Task description: In the copy, keep every word of the data below and none of its pictures.

Data excerpt:
★ ★ ★ ★ ★ ★ ★
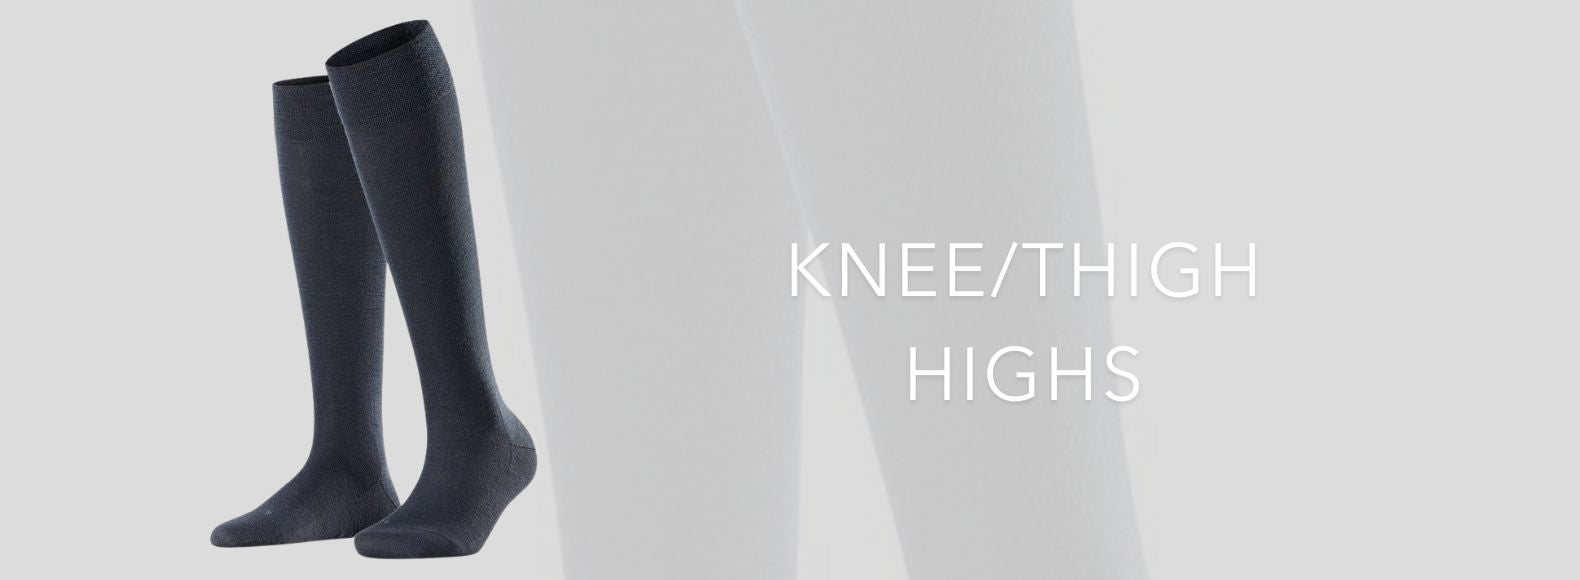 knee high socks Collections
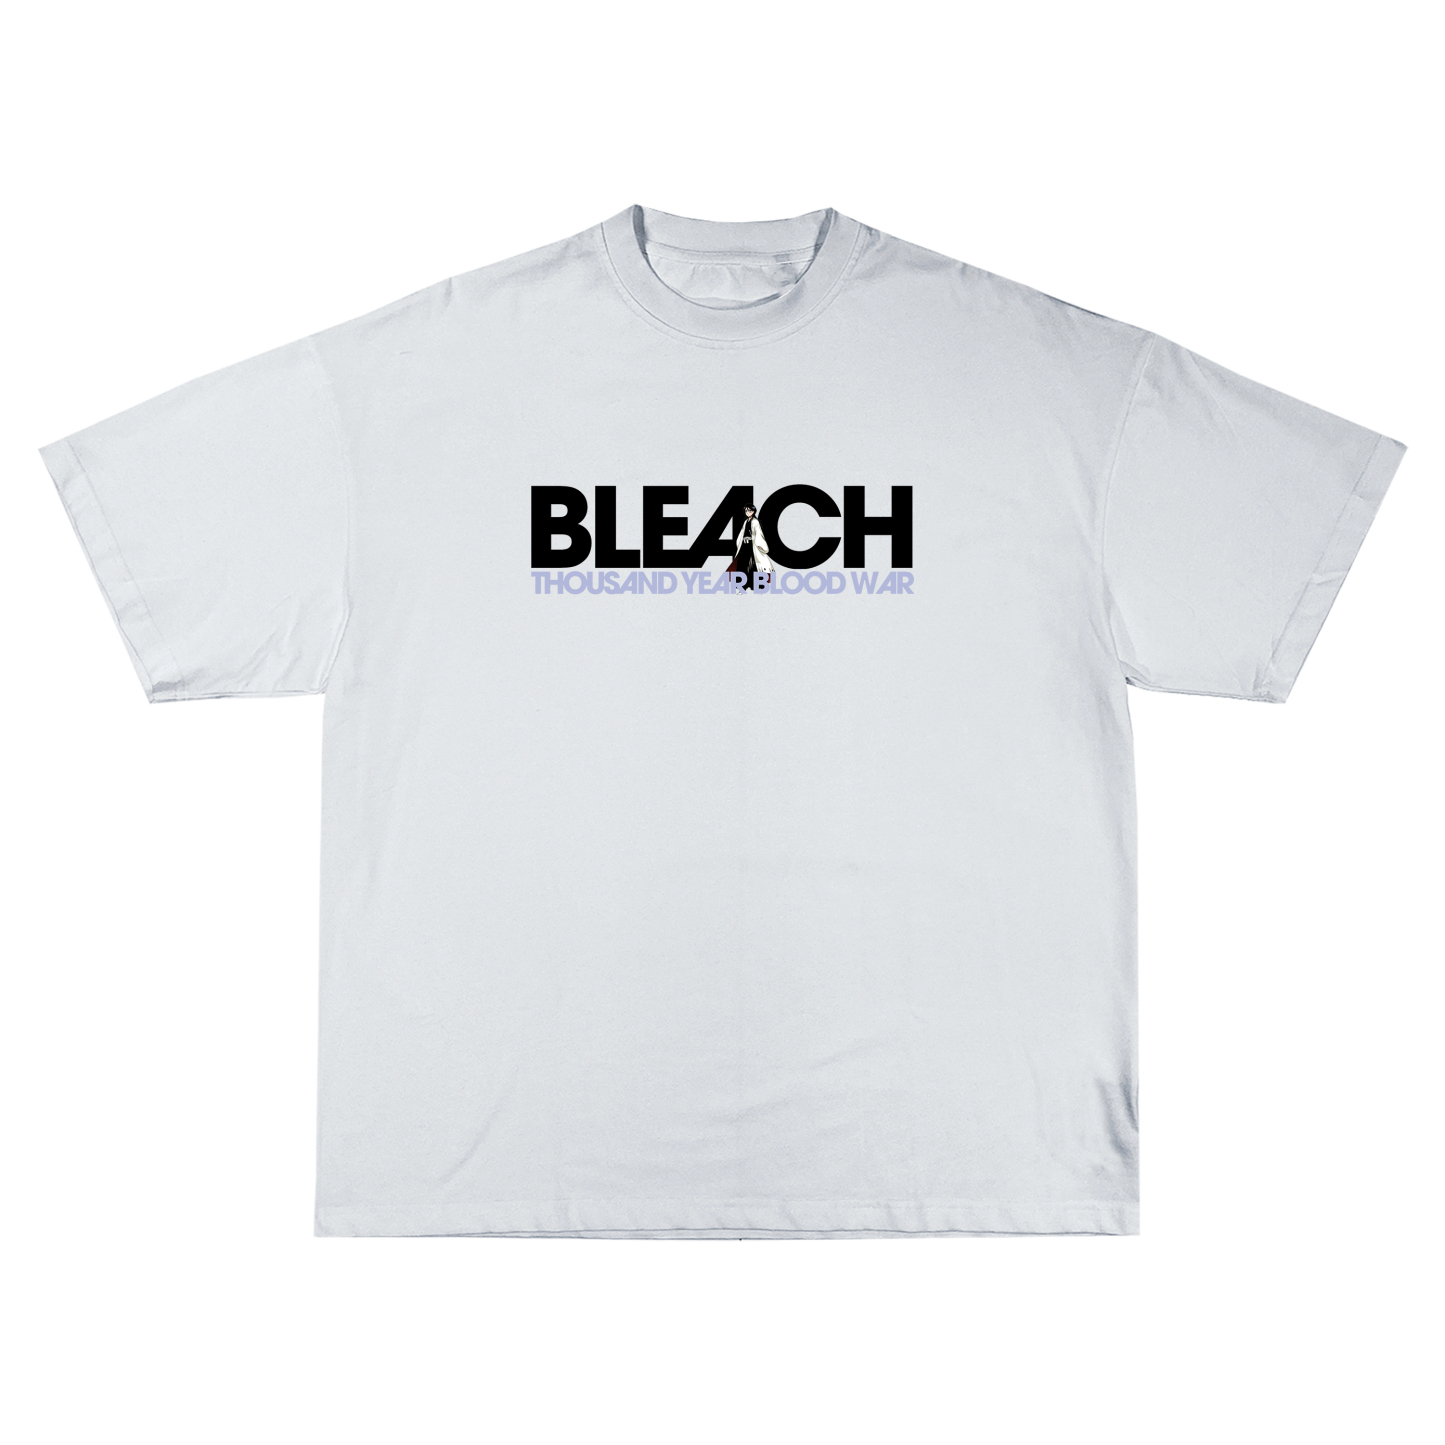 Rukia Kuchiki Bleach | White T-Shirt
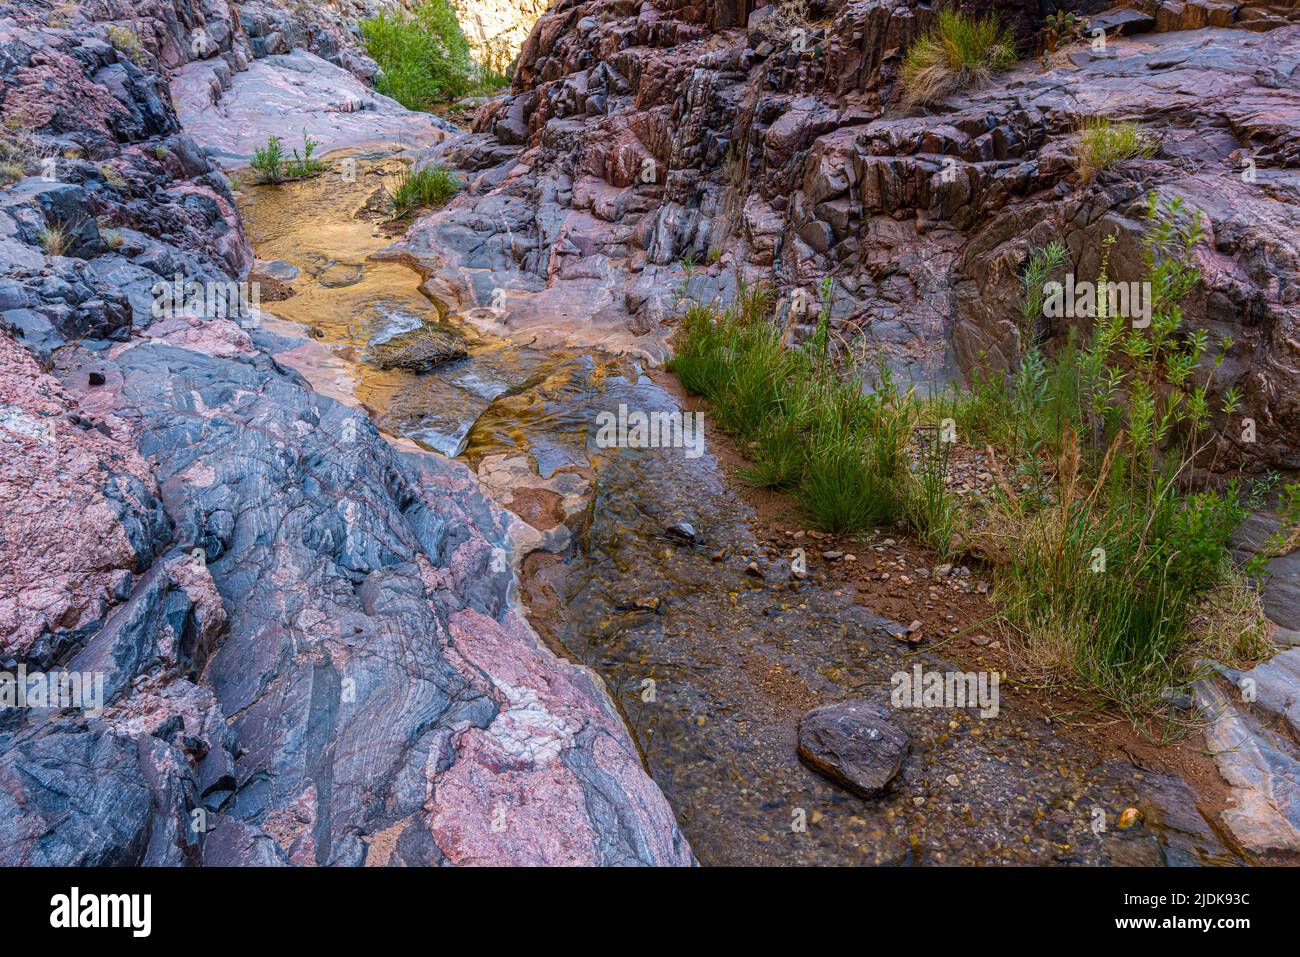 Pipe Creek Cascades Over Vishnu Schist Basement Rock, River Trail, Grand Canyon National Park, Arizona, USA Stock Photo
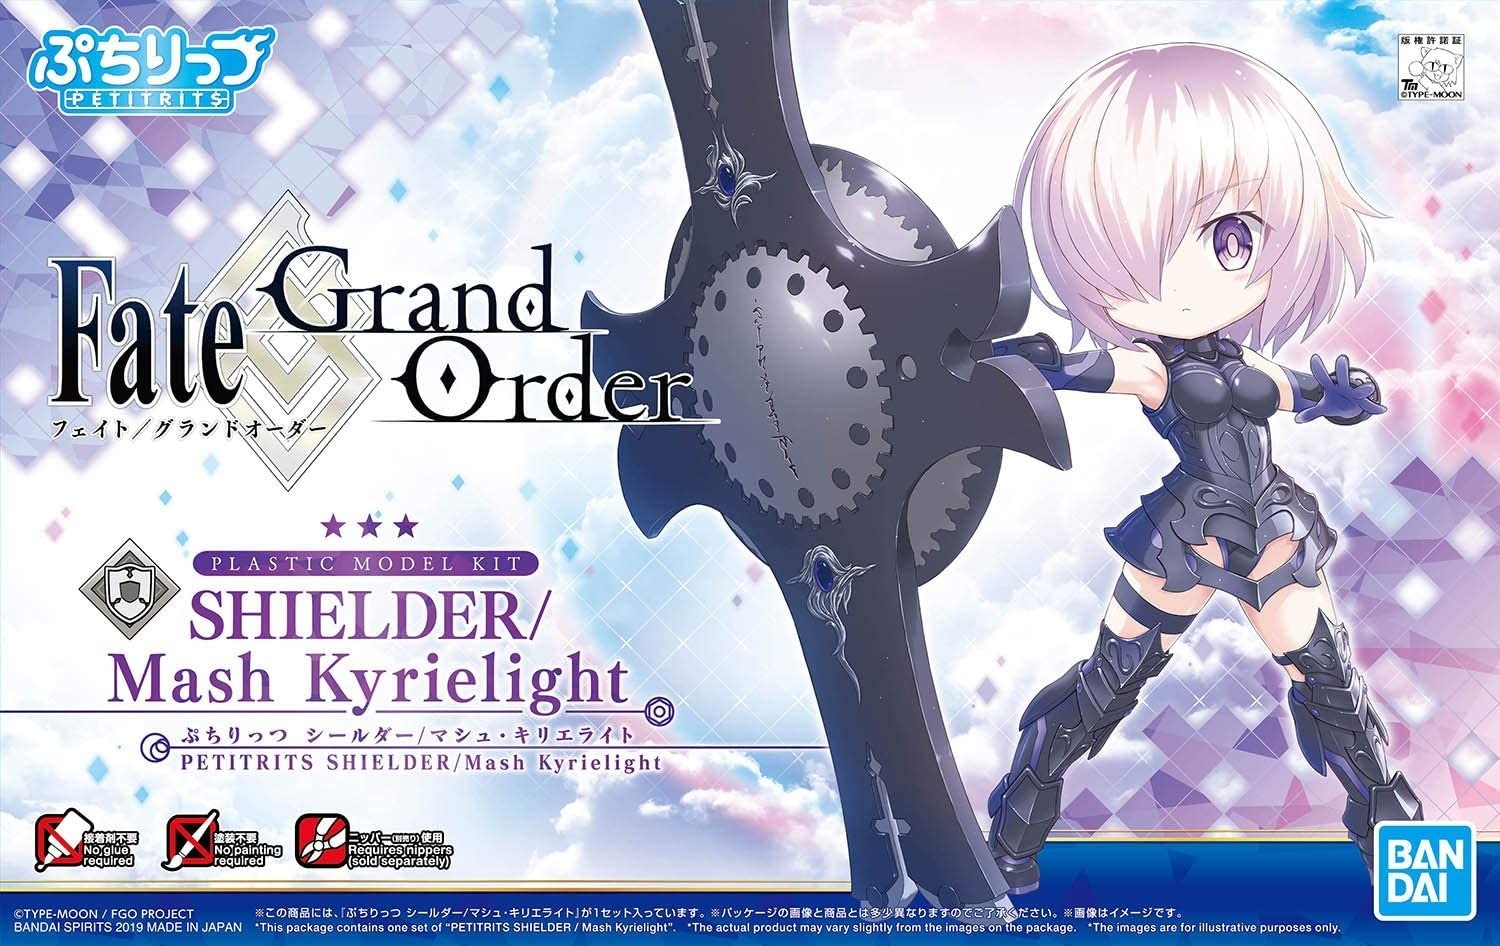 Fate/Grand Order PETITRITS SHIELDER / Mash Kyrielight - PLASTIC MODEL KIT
★ ★ ★ ★ ★ ★ ★
Written solution:
 knee high socks Collections
 Rukia Kuchiki Bleach | White T-Shirt
 Pipe Creek Cascades Over Vishnu Schist Basement Rock, River Trail, Grand Canyon National Park, Arizona, USA Stock Photo
 Fate/Grand Order PETITRITS SHIELDER / Mash Kyrielight - PLASTIC MODEL KIT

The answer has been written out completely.